Four years later, the research lab sent Dr. Goldsmith to Zurich.

“Oh, it was absolutely marvelous,’’ his wife said.

“We had a house there, and our oldest one went into the Zurich school system.’’

Those 10 months in Switzerland made a lasting impression. The family’s eldest daughter, Lynn Goldberg of Bedford, N.H., learned basketry in the Swiss school and has continued the hobby today, family said.

And Mrs. Goldsmith home-schooled her eldest son in Zurich, fostering her love of teaching, which she did for 23 years in Sherborn.

In 1963, the couple had their final child, Laurie, who is a preschool teacher in Roxbury.

In 1965, RCA loaned Dr. Goldsmith to Princeton University for a three-year study on plasma, giving him his first taste of teaching.

When the study ended, RCA wanted him back, but he sought out a professorship.

“When he worked at [Princeton] helping students, he discovered he adored teaching much more than corporate research,’’ his wife said.

In 1968, Boston College hired him to fill an opening in its physics department.
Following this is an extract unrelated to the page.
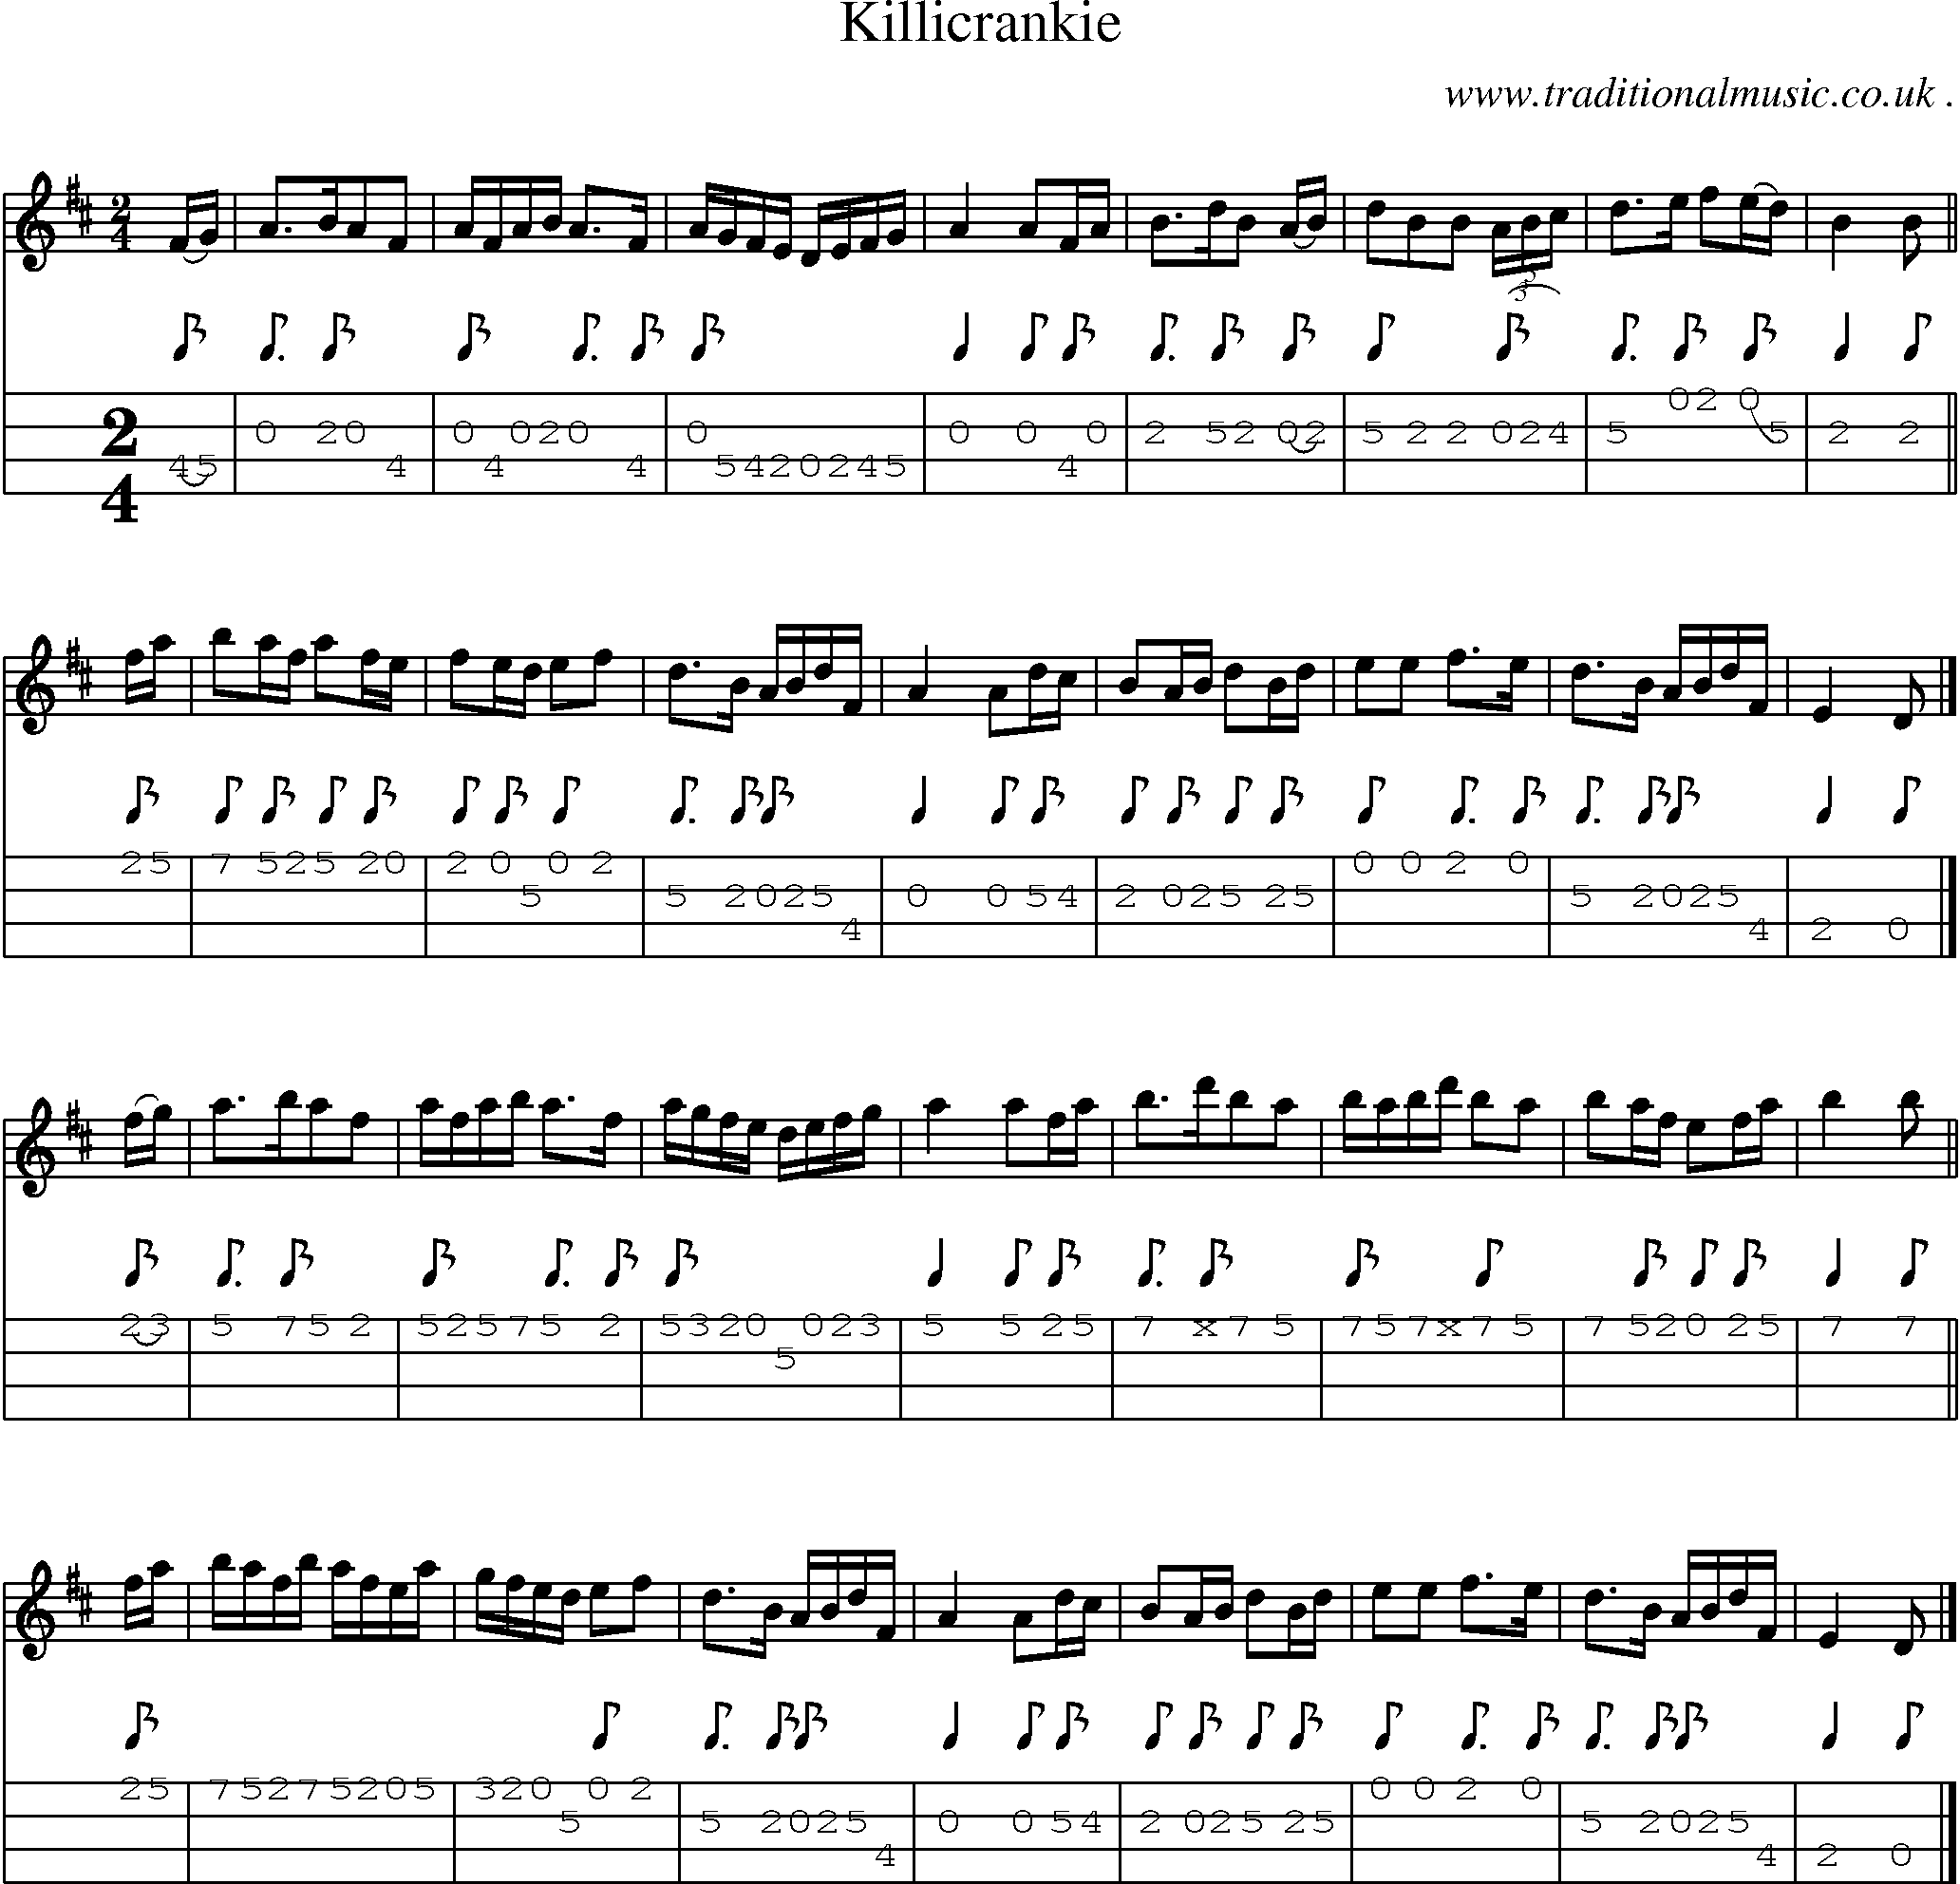 Sheet-music  score, Chords and Mandolin Tabs for Killicrankie

For the next 40 years, Dr. Goldsmith taught courses in physics, photography, optics, and nuclear science. He did some of his most important research on the electrical properties of semiconductors, Graf said.

The job also led him to several countries, including two 10-week stints in China to teach at Beijing Normal University.

“He always reminded us of the human side of our business, the students who we were dealing with on a day to day basis,’’ Graf said.

More than 20 times, Dr. Goldsmith invited foreign graduate students to stay at his Sherborn home while they attained housing, family said.

“He was a very intense person, incredibly smart,’’ said his son, Robert of New York City, who remembers stumbling upon many of his father’s papers online.

The papers “were in another language, completely unintelligible to most of us. And I realized he was someone who couldn’t bring his work home,’’ his son said. “The intellectual kernel of it was another dimension of him that I could only appreciate in the abstract.’’

Dr. Goldsmith developed Alzheimer’s disease in his later years, but continued to teach until late last year.

In 2004, his eldest son, Peter, a former dean of Oberlin College in Ohio, died of pancreatic cancer.

In addition to his wife and three children, Dr. Goldberg leaves six grandchildren.

In lieu of formal services, the family is gathering today and tomorrow from 2 to 6 p.m. in Goldsmith home at 45 Eliot St. in Sherborn.